Violence towards women, rape culture, and misogyny have been influencing media and art for a very long time. Recently, Maxim Korea released a cover shoot (as seen above) of Kim Byung-Ok, a very famous South Korean actor, standing in back of a car with the trunk open and a pair of bound female legs sticking out. The caption reads: “So girls like bad guys? This is what a bad guy looks like. Dying for him, right?” The editorial following the photo also exhibits disturbing images of what is assumed to be the same woman looking up at her captor, then a photo of her lifeless in the back of the trunk, and later her body in a giant plastic bag.

The release of the cover has been met with outraged backlash. A petition was posted August 26th to keep the issue from the newsstands. The author of the petition, Megal P. states that “Korea has increasing violence crime rate and sex crime rate… Still, Maxim Korea is denying the pain of crime victims, their families, and women who hold everyday fear, putting more weight behind commercial gains and freedom of speech. We strongly demand Maxim Korea to stop selling its September issue and recall what has already been sold. We also plead the Ministry of Gender Equality and Family and the Korea Publication Ethics Commission to make a public announcement regarding the issue and come up with measures to stop a next potential case similar to this.”

Maxim’s response was nonetheless defensive: “We did depict the crime of murder and body abandonment in a film noir way, but there’s no hint of a sexual offense in the picture, and no fantasizing of sex crimes either.” So this is not alluding to a sex crime, but a film noir, romanticized murder crime and body abandonment of a woman? Violence towards women is still violence towards women. The woman in the trunk of the car is clearly naked as well—perhaps sexual violence was not directly photographed, but a picture is worth a thousand words. Obviously the photos were staged and taken for artistic purposes, but why is art being confused with pro-violence, misogynistic propaganda? Why are women so often violated and objectified by men they are photographed with for “artistic purposes”? According to Maxim, women like bad boys—no matter what that means for their safety and health.

Images of battered women have been on the fashion and advertising scene for years. At first, female objectification and patriarchal dominance was seen in maybe a pose, like a man’s hands softy and passionately around a woman’s neck out of lust. Now, with the help of makeup, costume, and lighting women are no longer lusted after, but murdered by men assumed to be their partners.

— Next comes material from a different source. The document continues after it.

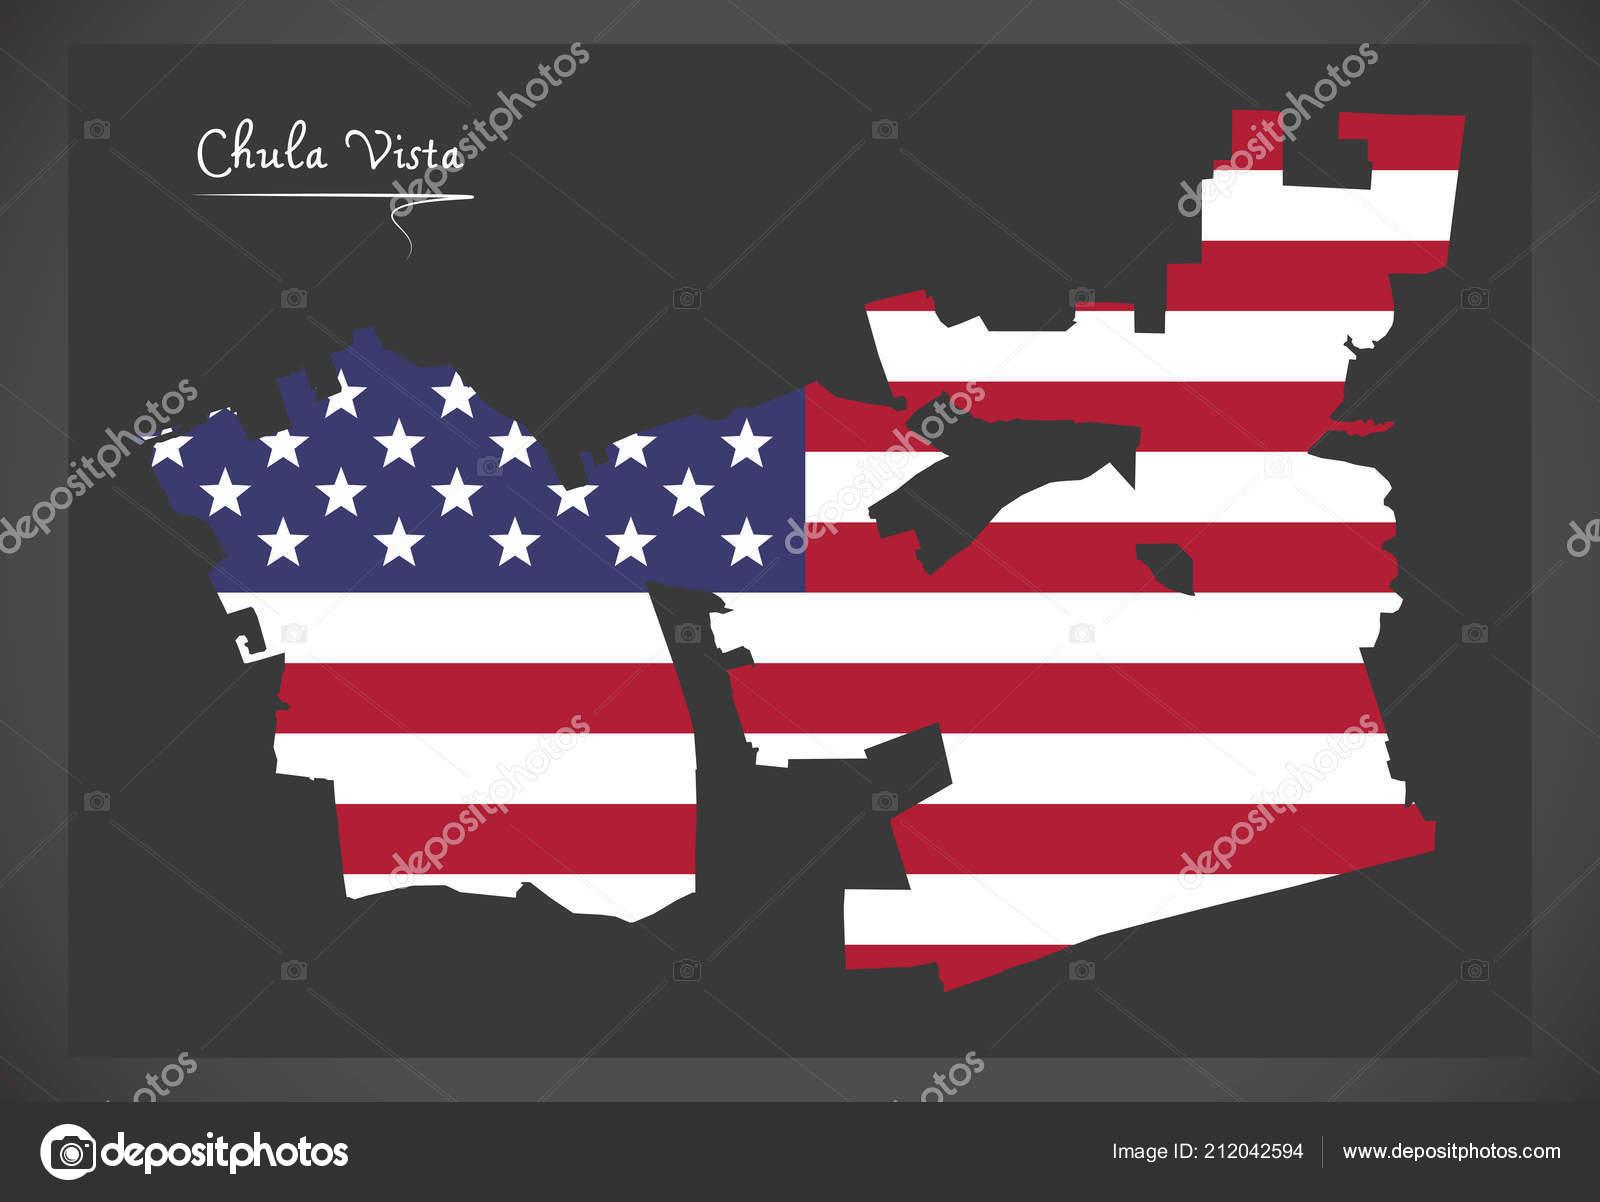 Chula Vista California Map American National Flag Illustration

Often survivors of domestic violence are told by their partners that it is because he loves them so much he cannot help but show it aggressively. Men that are accused and convicted of sexual violence understand women to be property that they must keep under control.

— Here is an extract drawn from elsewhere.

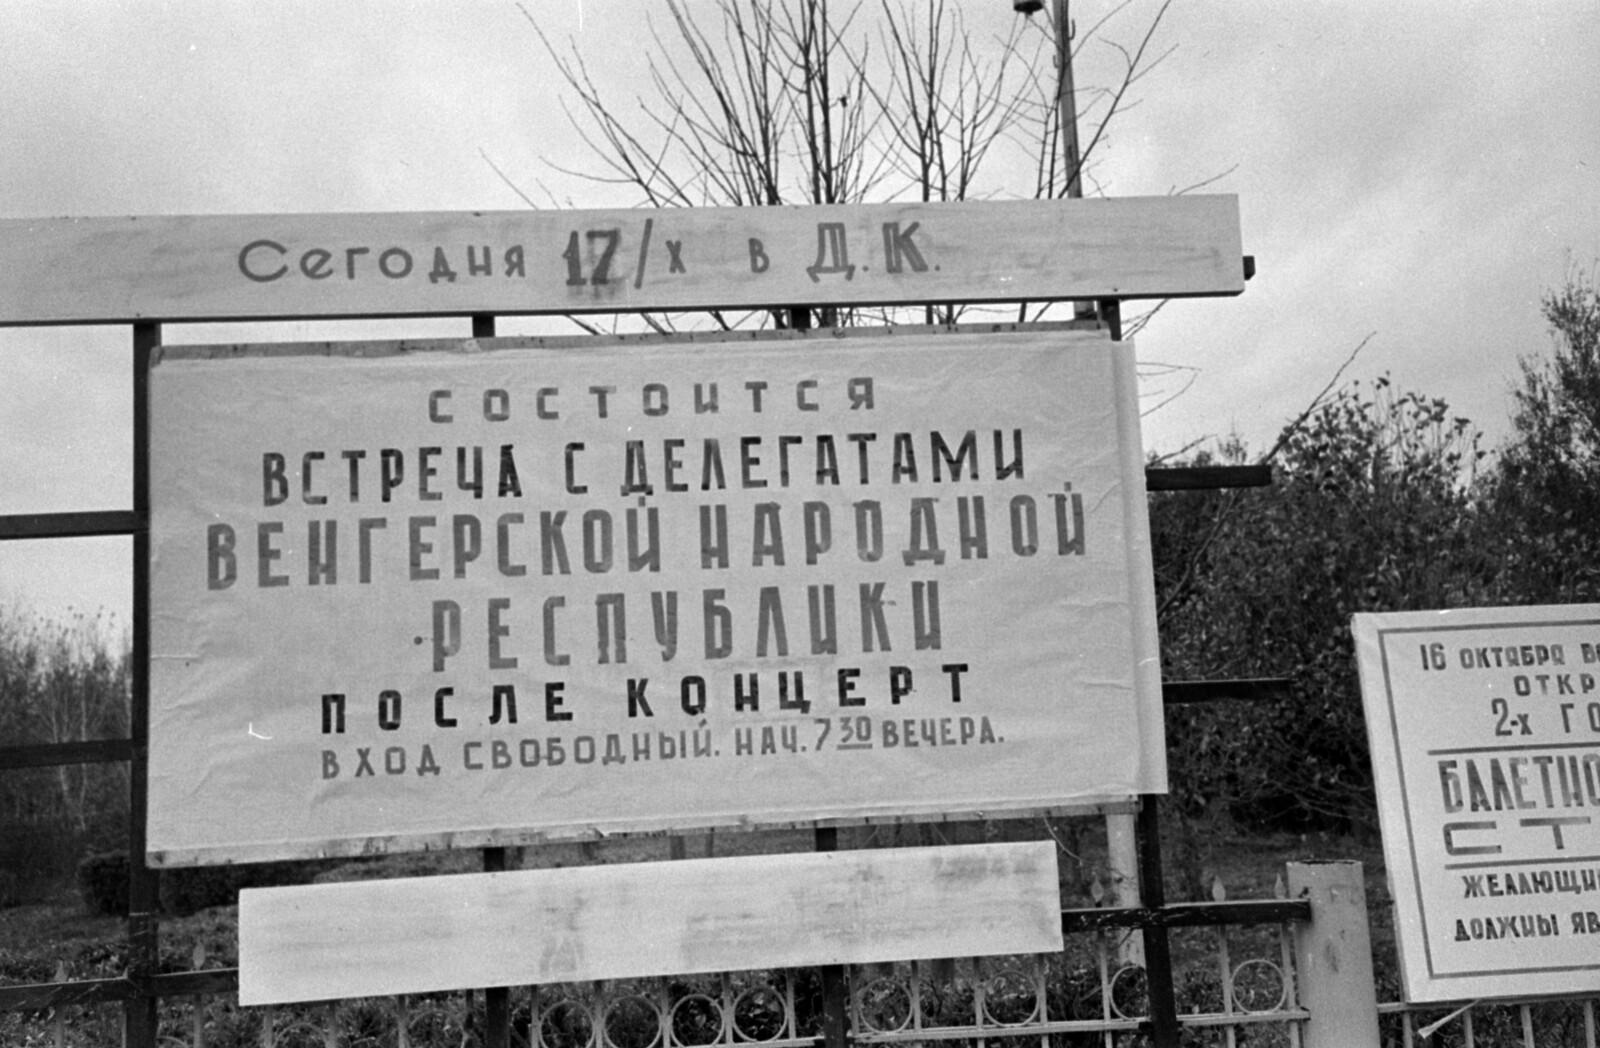 26. Колхоз под названием «XXII съезд КПСС». Дом культуры

Just last year Vogue Italy released their own magazine spread trivializing domestic violence in a gory, glamourous way. The women depicted in this story posed as high-fashion horror movie victims, screaming helplessly as they’re threatened/murdered by men with different weapons. Vogue Italy claims that the photos bring awareness to domestic violence through a cinematic style, but how can cinema filtered through a fashion editorial not be trivialized?

The biggest difference between Maxim Korea’s shoot and Vogue Italy’s are their subject’s at hand. One parades the smoldering masculinity of violence and the other glamorizes and objectifies the women who suffer because of it. My question is—why is violence excusable and not criminalized when it is displayed as art? Where is the line drawn? Both Maxim and Vogue claim no foul—Vogue even claims it was bringing awareness to the issue—but publishing and distributing violent art enforces the concept as glamourous and cool. When abusive and dysfunctional relationships are romanticized through artistic mediums, it is internalized by impressionable men and women that it is how a relationship should be.

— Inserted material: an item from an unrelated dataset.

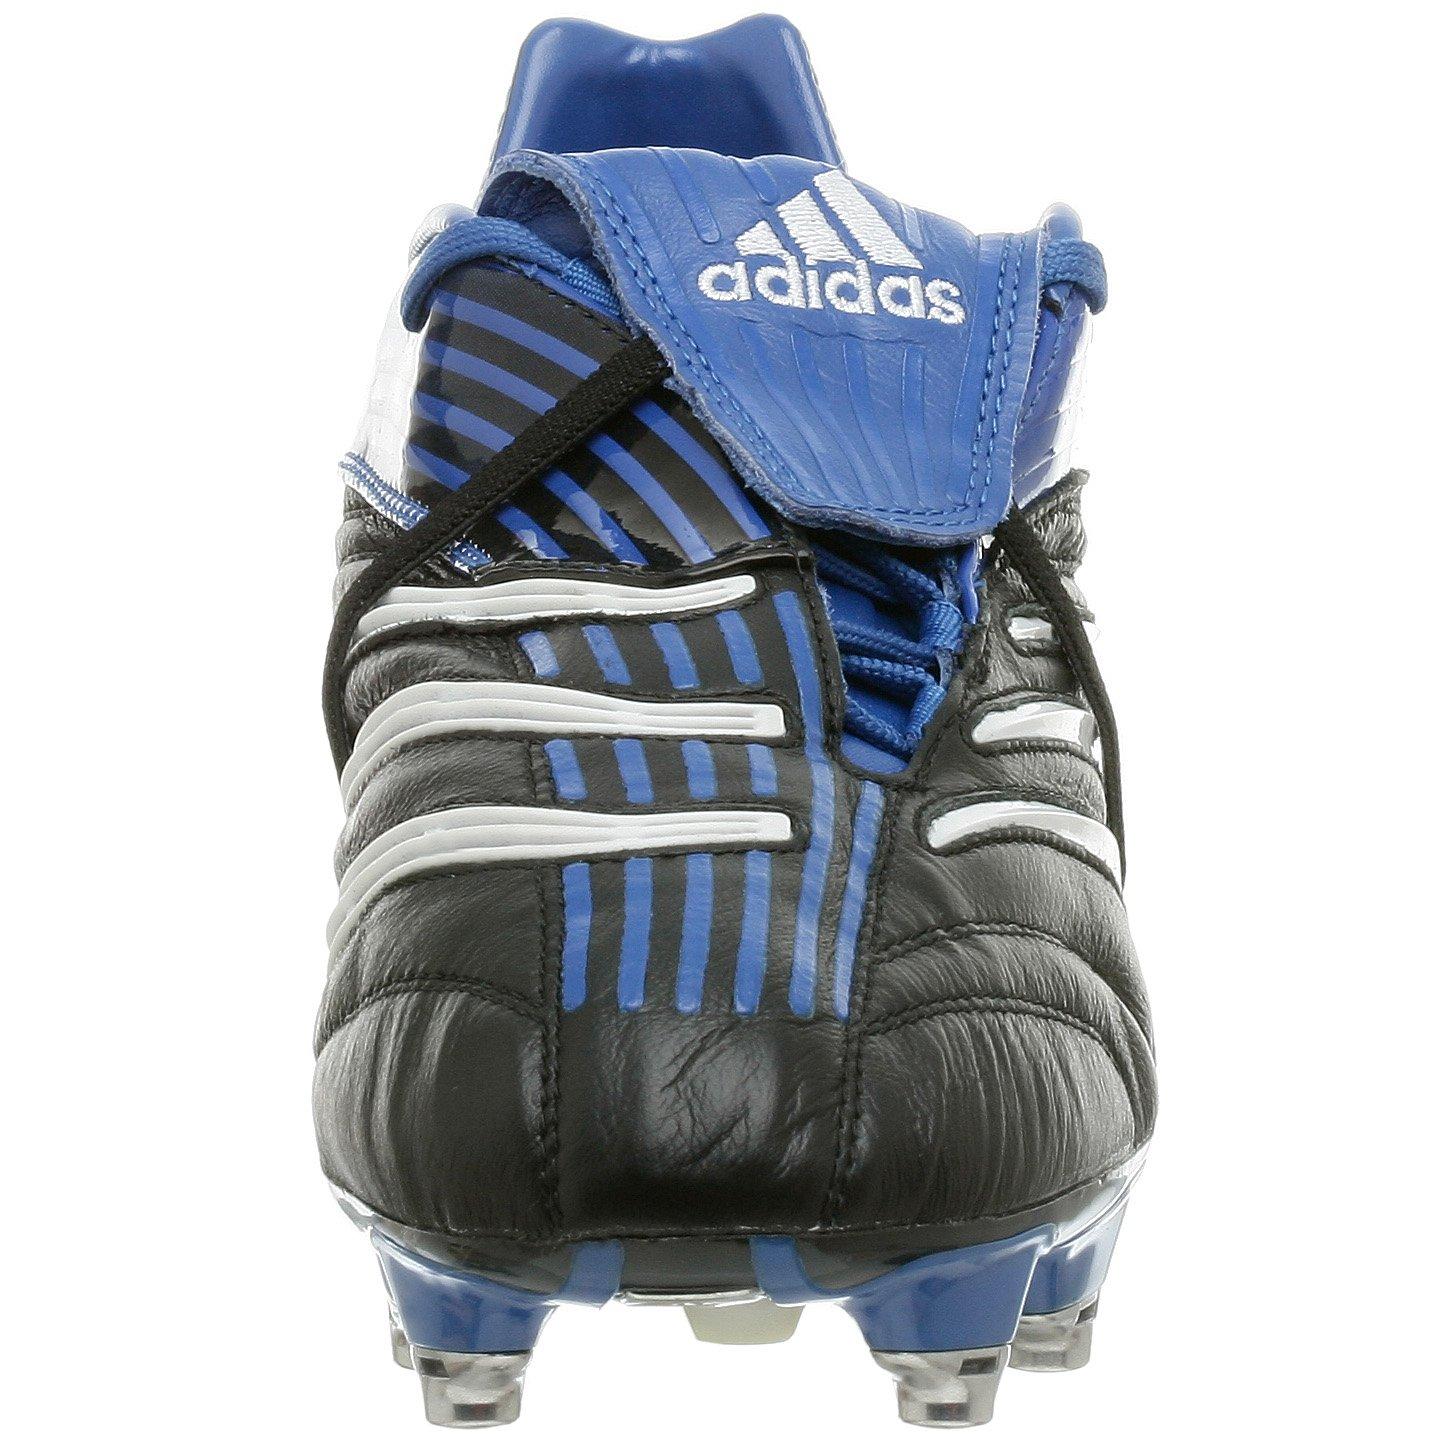 4edfdec702ac ... discount code for adidas mens predator absolute xtrx sg rugby shoe black  rnwht mstrblu 13 m

Maybe Maxim and Vogue did have good intentions for the art which they created. One could construe the Maxim cover to be a warning to women that chasing and being with the “bad boy” can be unsafe and might not end on the best terms—for either of them. The Vogue Italy artwork was claimed to “to take action, condemn, and support women in trouble” (vogue.it). Perhaps the two magazines should have utilized their intentions in a more meaningful and powerful way. Would the response to these two articles been as bad if their proceeds were donated to awareness and prevention efforts?

We are unsure the intentions of Maxim’s gruesome artwork (I doubt they will release a statement saying it was to encourage men to be violent so they will be cool), but if it was for benevolent purposes what help is it really? It seems a very elitist concept where attention is brought to an important subject (like domestic violence) by means of extravagant art, and then it is left there with no possible solutions. This kind of art screams, “Hey you! Look at this problem”, but there is no “Let’s fix this together or spread awareness”. This is the same critique I have had towards the interventionist art movement as well. You cannot express the need for a problem to be recognized without giving options or examples for change.

I am left wondering if art is used as an excuse for crime and vice versa. Crime like domestic violence can be displayed in magazines, paintings, and advertisements, yet it is not perceived or treated as a crime because it has an artistic purpose. If the circumstances were vice versa, however, I believe penal action against it can occur. Maxim Korea and Vogue Italy certainly are not the first or last of their kind to draw attention to violence against women/domestic violence in general. However I believe issues like this should not be displayed artistically without action taken to make a real change.